CST 311 Week 3 Journal Entry
Transport Layer
This week, we learned about the transport layer of a computer network. When a message is sent on the sender's side, it is broken up into segments and passed through the network layer. On the sender's side, a transport header is added to the segments, and the network sends the data to the receiver via sockets. The receiver then reassembles the message using the transport header information and passes it to the appropriate place in the application layer. This is called demultiplexing. Two transport protocols that can be used to send data through the Internet are the Transmission Control Protocol (TCP) and the User Datagram Protocol (UDP).
In TCP, there is one sender and one receiver. Data can flow in both directions on the same connection. This protocol involves a three-way handshake to start the connection. TCP sockets use four pieces of information to identify a segment: a source IP, a destination IP, a source port number, and a destination port number. When sending and receiving data, each socket is a dedicated line and identified with these four pieces of information to connect two endpoints. A host will need more than one socket if they wish to receive multiple messages from the same host or different hosts simultaneously.
In UDP, there is no handshake between sender and receiver, making this socket connectionless. Each segment is handled independently of the others. A segment has header data such as source port, destination port, length, and a checksum. A UPD socket must specify the destination IP address and port number in order to send data into the socket. Both are needed to guide segments to their destination.
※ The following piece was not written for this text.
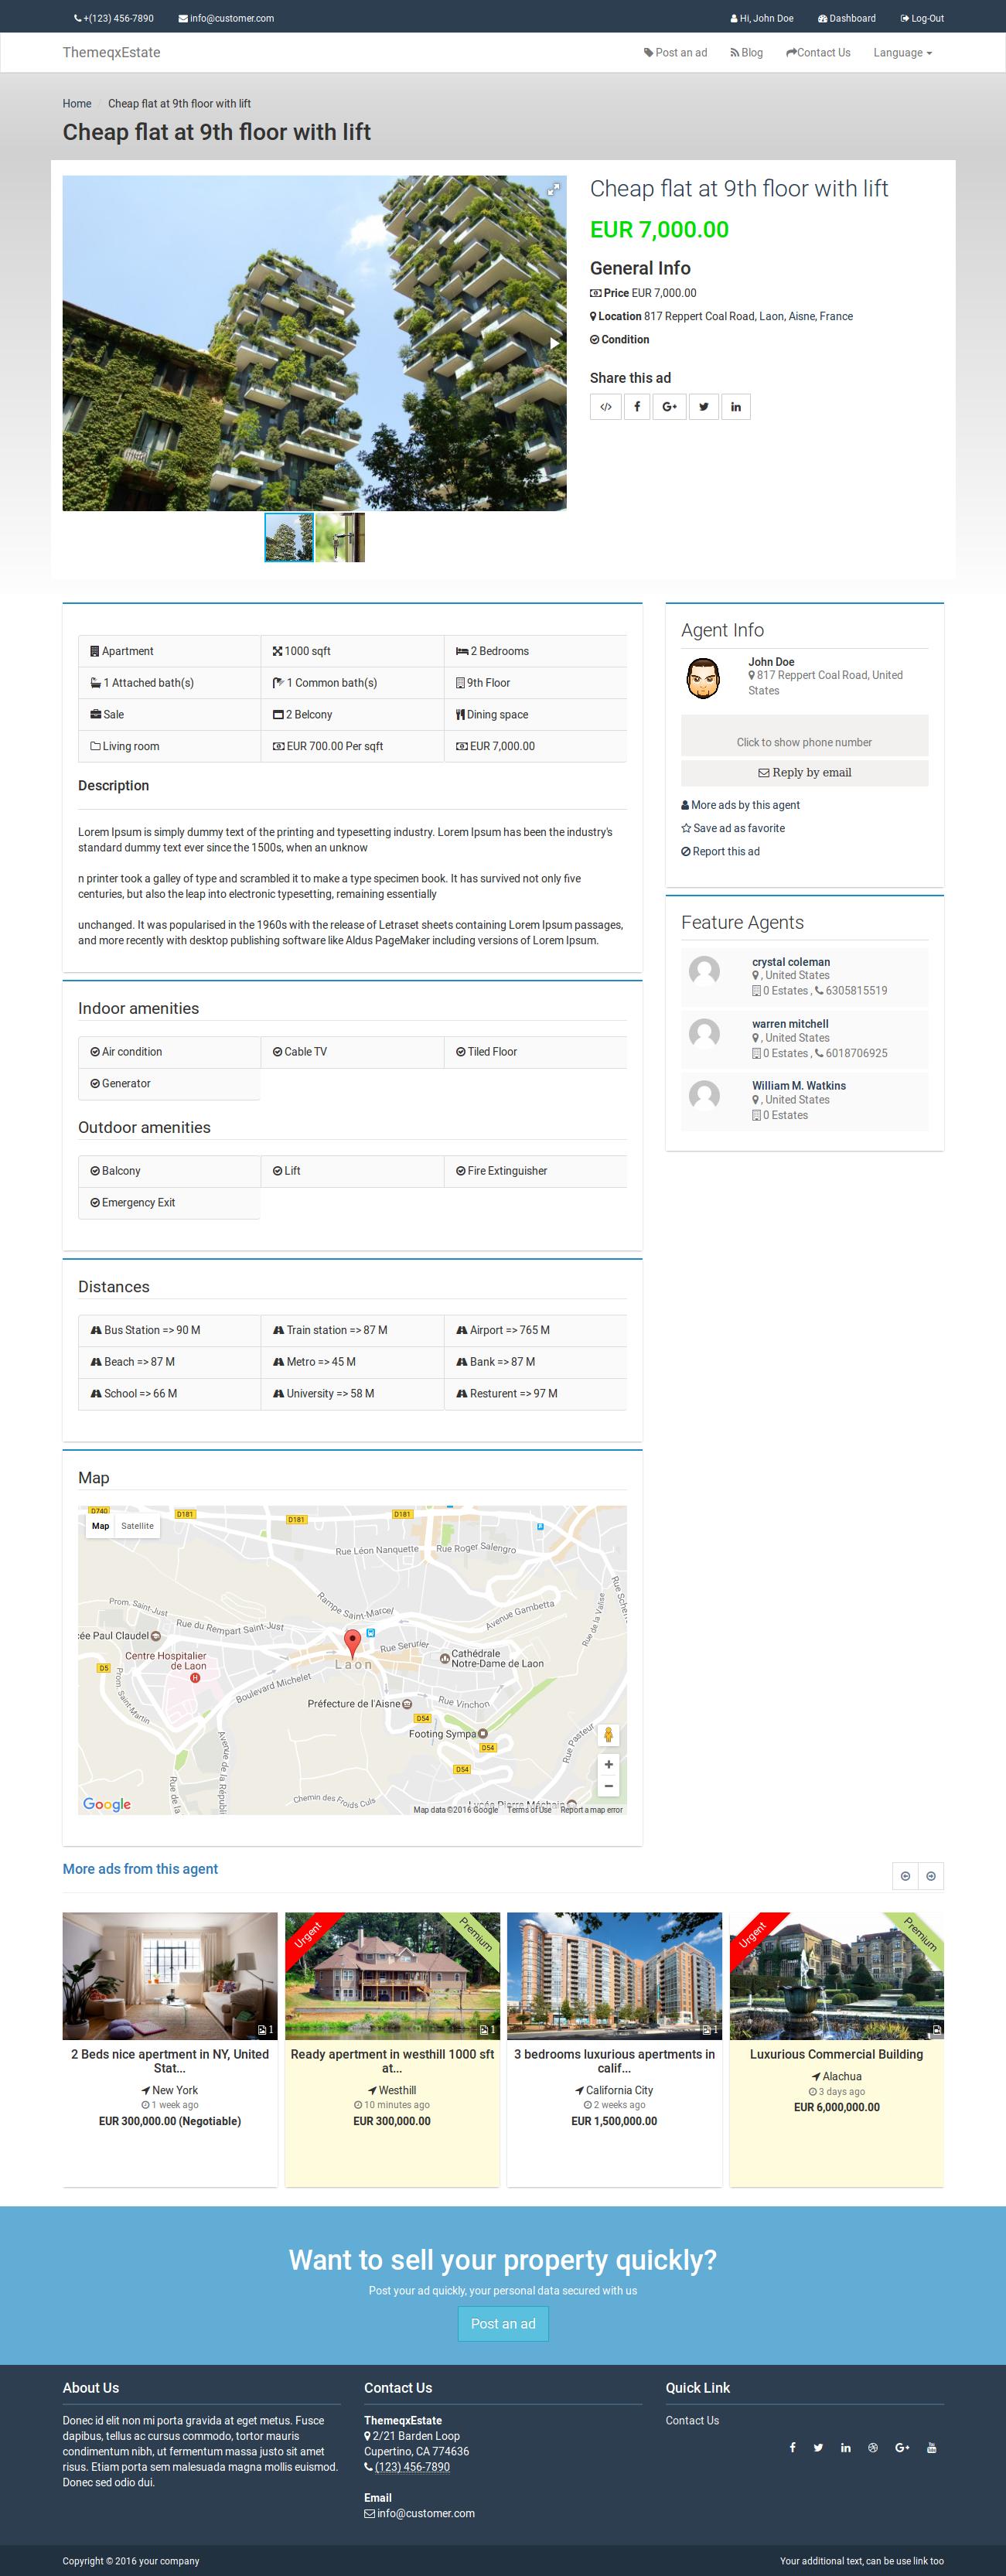 themeqxestate laravel real estate property listing portal by themeqx

Segments with the same destination port number may use the same socket to be sent even though they may have different IP addresses.
The material this week was heavy in the visual sense. I found it interesting how TCP can control congestion and how graphing the time versus the TCP sender congestion window size (cwnd). I enjoyed creating and reading the graphs to identify their slow start, congestion avoidance, and fast recovery. The activities that came along with the book were helpful in understanding how to identify these intervals.